CCLA is participating in this fight because laws that allows bulk collection of communications data impact us all. Messages we send at home in Canada flow with those from every other nation across the internet and are subject to bulk interception, without any suspicion that we’ve done anything wrong. We have been fighting this fight for a long time, building on each success. In 2013, whistleblower Edward Snowden revealed the incredible scope and reach of mass surveillance affecting us all. CCLA joined with our international colleagues to challenge the UK regime, which was extensively documented in the Snowden revelations.

We asked the U.K. Investigatory Powers Tribunal (IPT) – the highly secretive UK court which hears claims against GCHQ, MI5 and MI6 –  to examine whether the British signals intelligence agency’s (GCHQ) was intercepting emails to and from 10 rights and liberties organisations (including CCLA), whether such interception was lawful, and whether it was a breach of the right to privacy under Article 8 of the British Human Rights Act.
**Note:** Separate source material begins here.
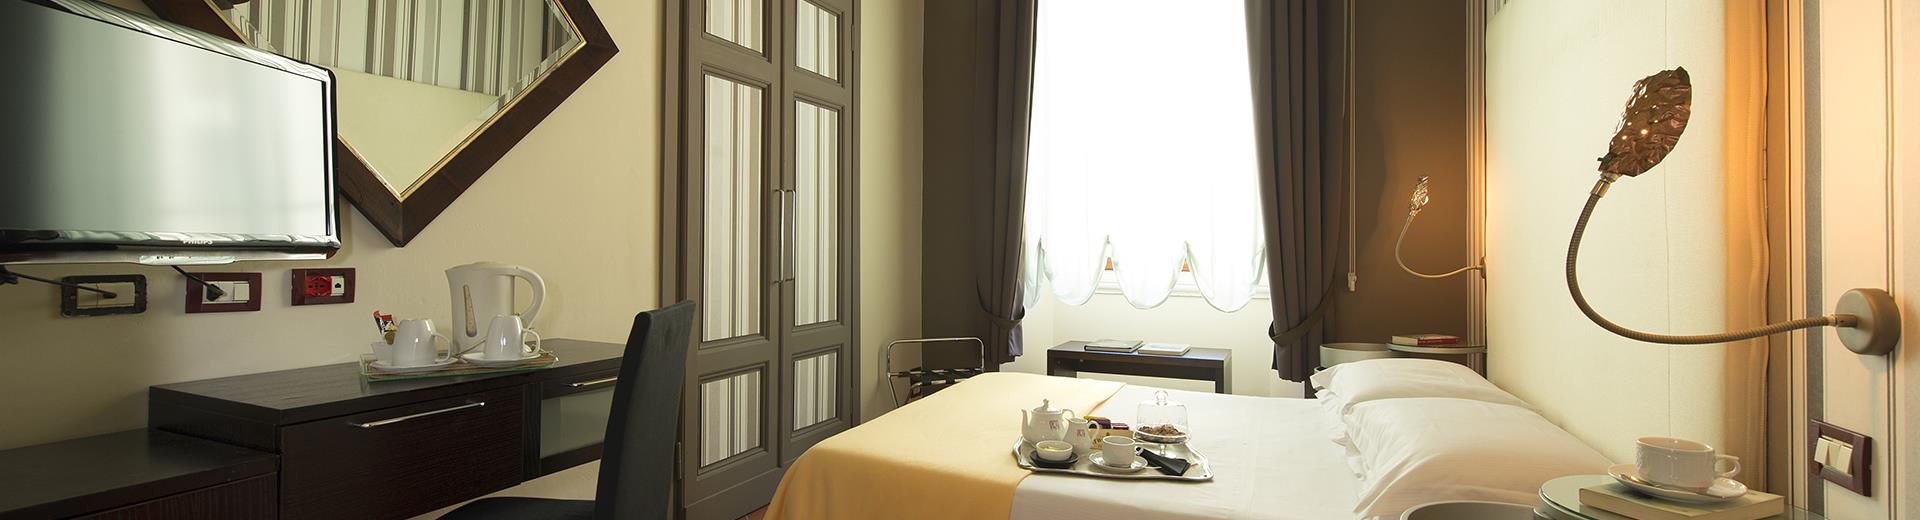 Se soggiorni da solo a Firenze, scegli tutto il comfort delle camere standard singole dell''''''''''''''''Hotel De La Pace, il nostro delizioso 4 stelle in pieno centro!

In 2014, the IPT found that UK intelligence agencies had unlawfully spied on the communications of Amnesty International and South Africa’s Legal Resources Centre. The tribunal also found that UK intelligence sharing with the US, which had been governed under a secret legal framework, was unlawful until disclosed during the proceedings. Disappointingly, however, the IPT ruled that these practices may in principle comply with the UK’s human rights obligations. This was the finding challenged in the ECtHR.
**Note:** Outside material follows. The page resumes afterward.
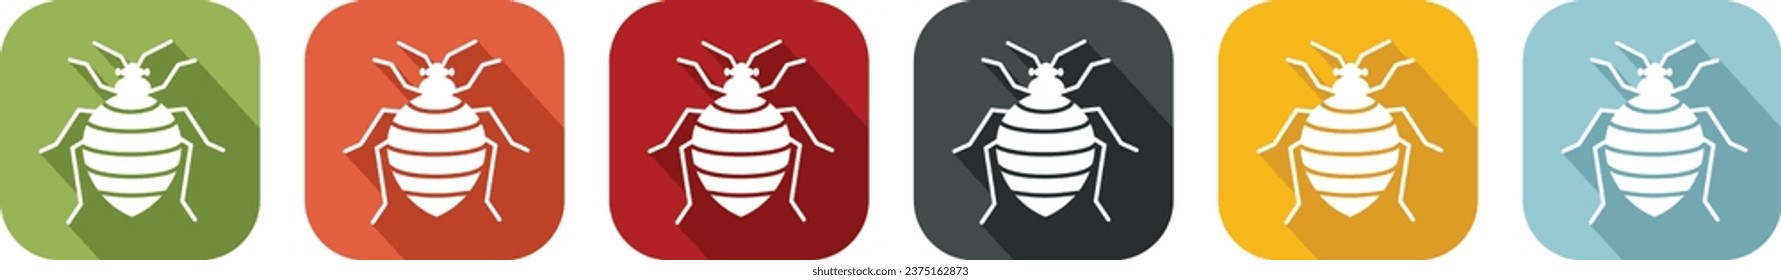 Group of coloured bedbug icons

We disagree that mass interception can ever, in principle, comply with human rights obligations, and so we launched a case at the European Court of Human Rights to argue that position. On 13 September 2018, the ECtHR ruled that UK laws enabling mass surveillance violate rights to privacy and freedom of expression. That was another important victory. However, the judgment did not go far enough with regard to the unlawfulness of bulk interception powers and the fundamental shortcomings in inter-state intelligence sharing based on communications intercepts. Our argument is simple and principled: “the fact that it is now possible for the state to retain private information about the population of a whole nation (or even many nations) … and that retaining such information may be operationally useful, does not justify the intrusion of doing so.” Requests to the Grand Chamber are accepted on an exceptional basis; it is a testament to the public importance of the issue of mass surveillance that our case was accepted. This opens up the opportunity for CCLA and our partners, the American Civil Liberties Union (ACLU), Amnesty International, Bytes for All, the Egyptian Initiative for Personal Rights, the Hungarian Civil Liberties Union, the Irish Council for Civil Liberties, the Legal Resources Centre, Liberty, and Privacy International to continue pushing for the Court to hold that bulk powers can never be justified in a rights-respecting democracy. It’s a long fight. It’s an important fight. And we continue to press forward.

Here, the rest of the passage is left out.